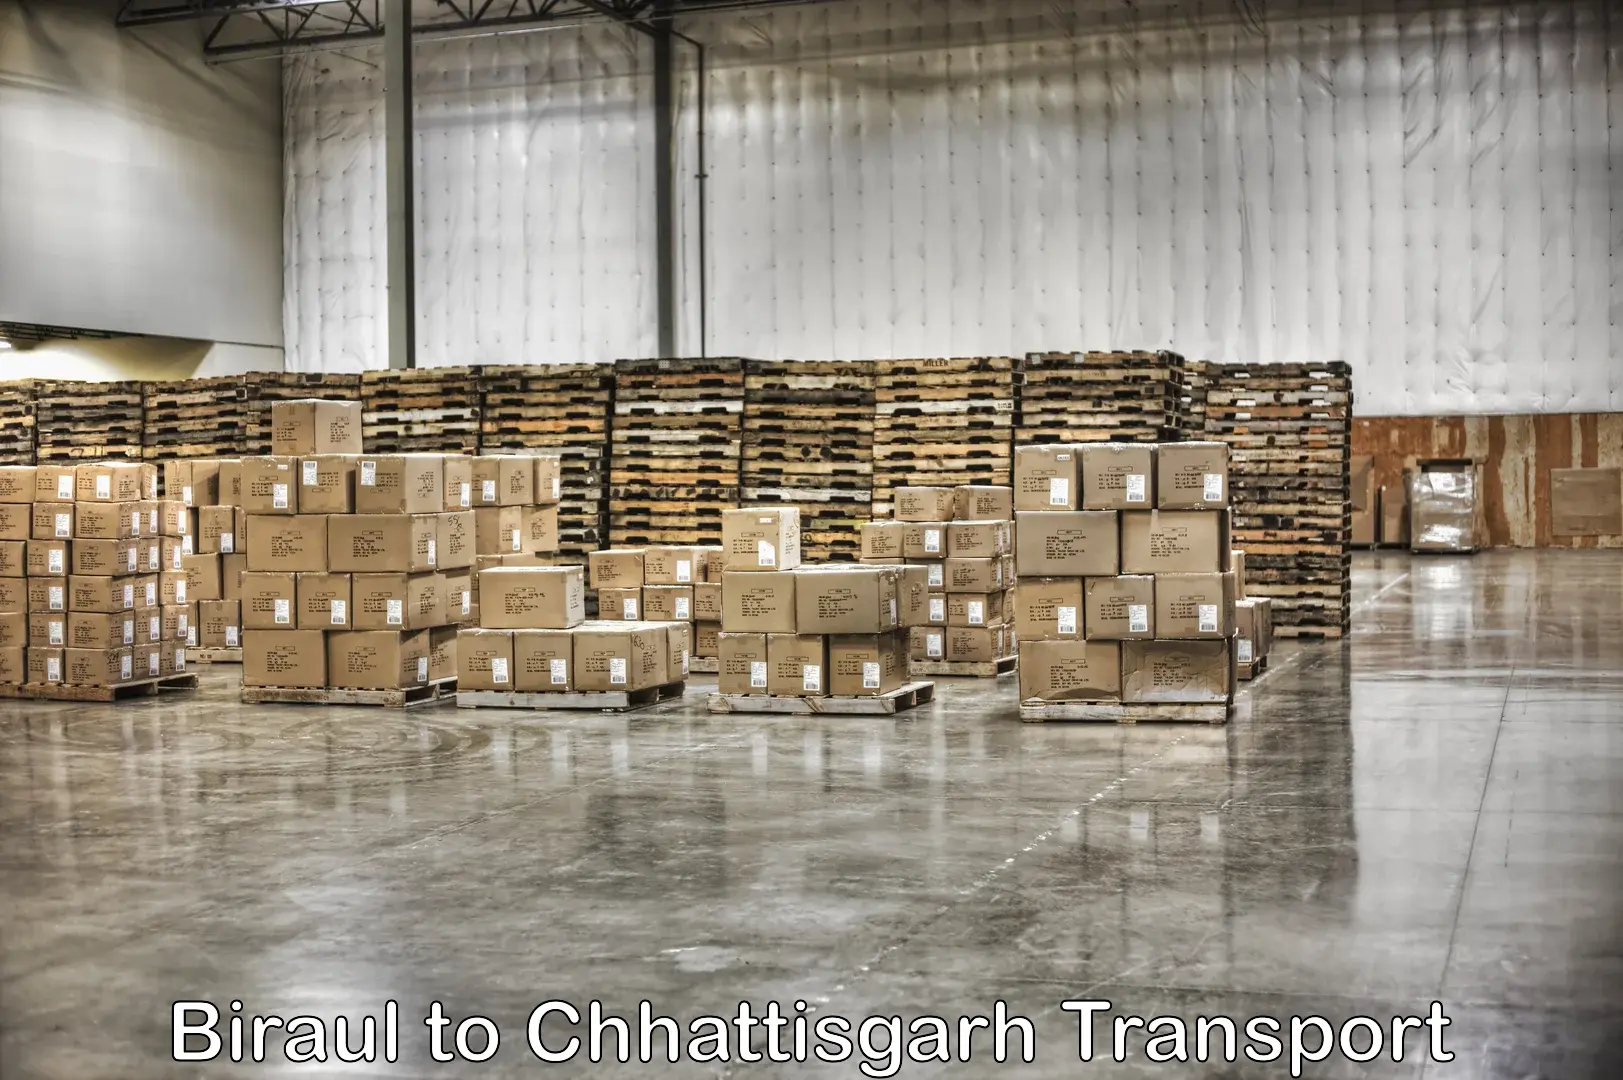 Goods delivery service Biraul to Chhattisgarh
+ + + + +
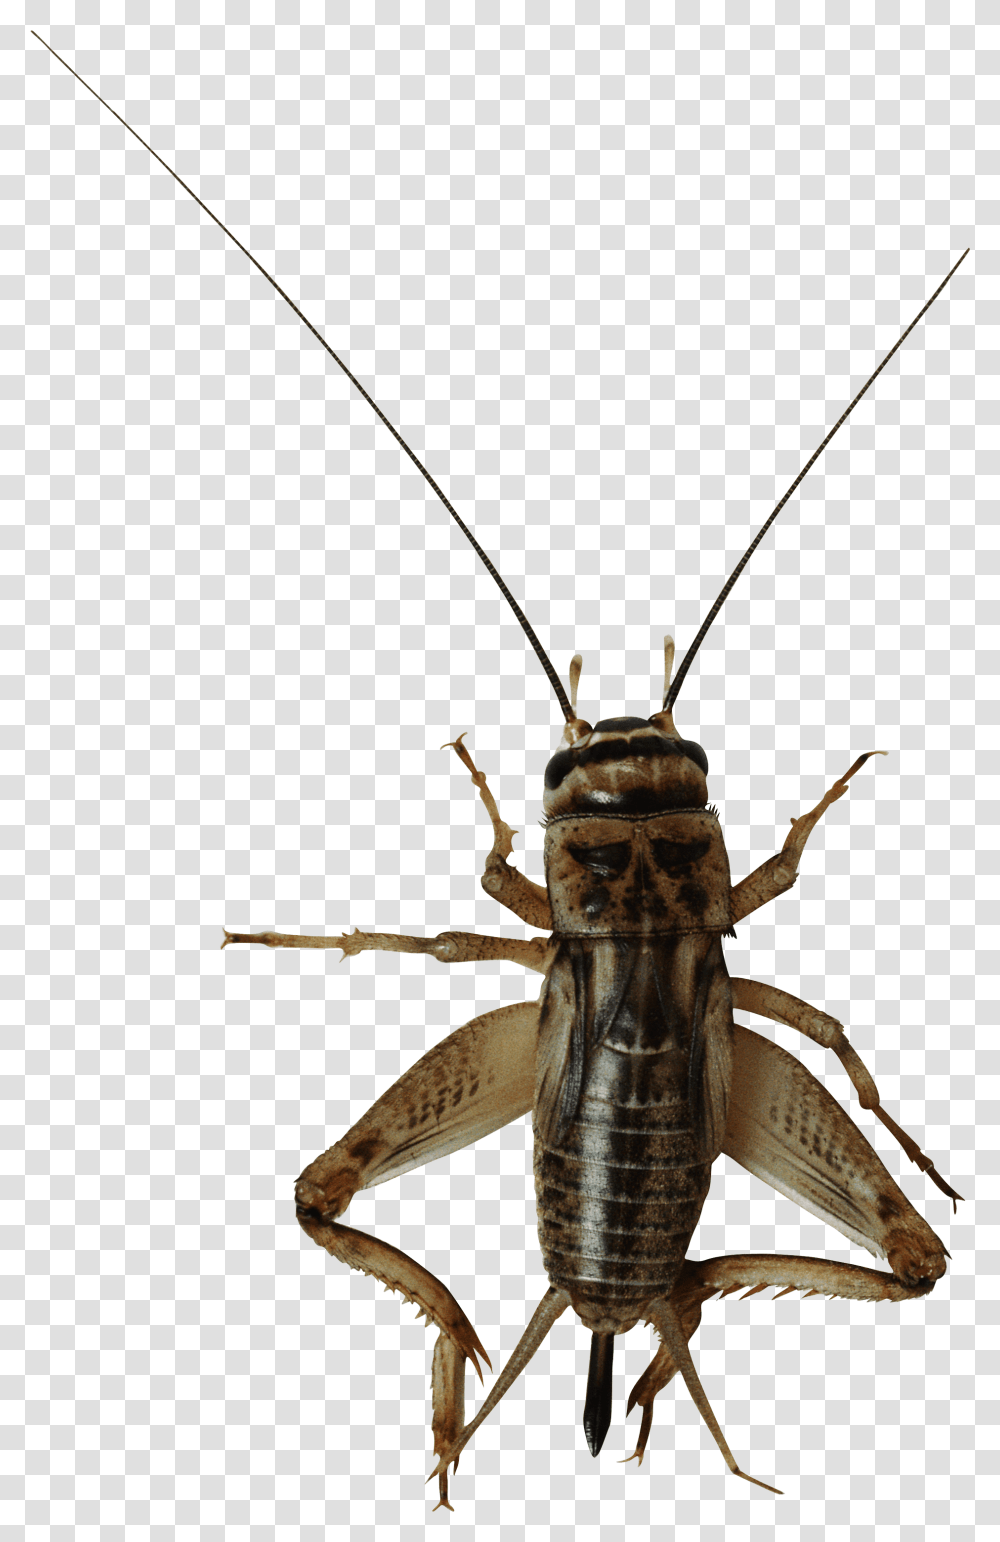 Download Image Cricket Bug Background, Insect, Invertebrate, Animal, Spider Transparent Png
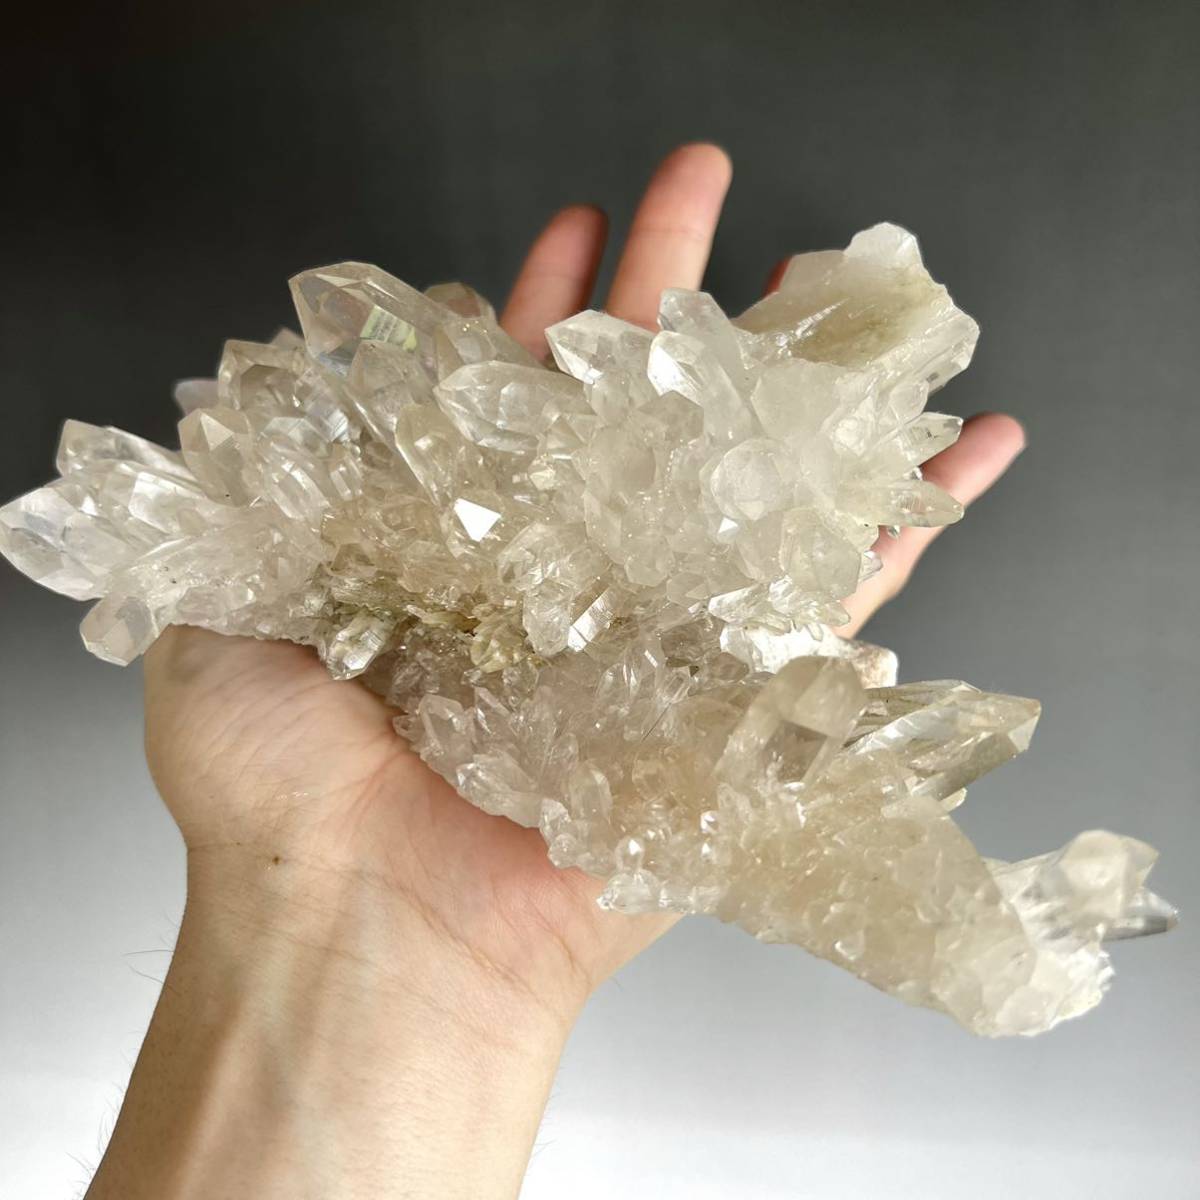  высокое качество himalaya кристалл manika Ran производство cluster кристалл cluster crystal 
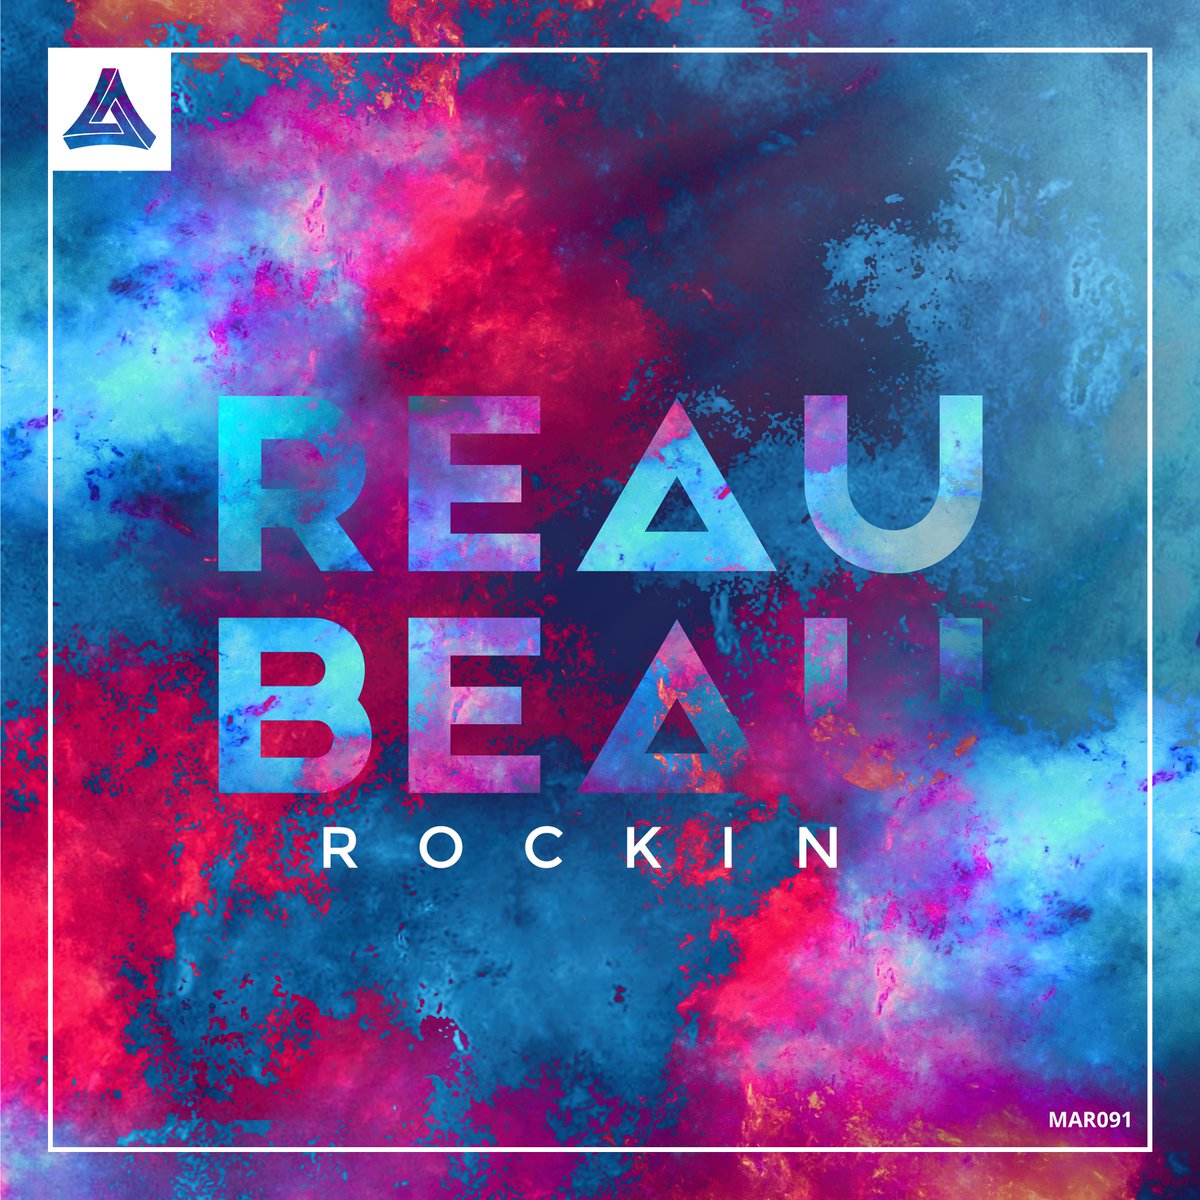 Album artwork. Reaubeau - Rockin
+ + + + +
**Brief**
Now transcribe the lines above exactly, starting at the line containing "Download Image Cricket" and ending at the line containing "Album artwork. Reaubeau - Rockin", both lines included, pictures excluded.

**Response**
 Download Image Cricket Bug Background, Insect, Invertebrate, Animal, Spider Transparent Png
  высокое качество himalaya кристалл manika Ran производство cluster кристалл cluster crystal 
 Album artwork. Reaubeau - Rockin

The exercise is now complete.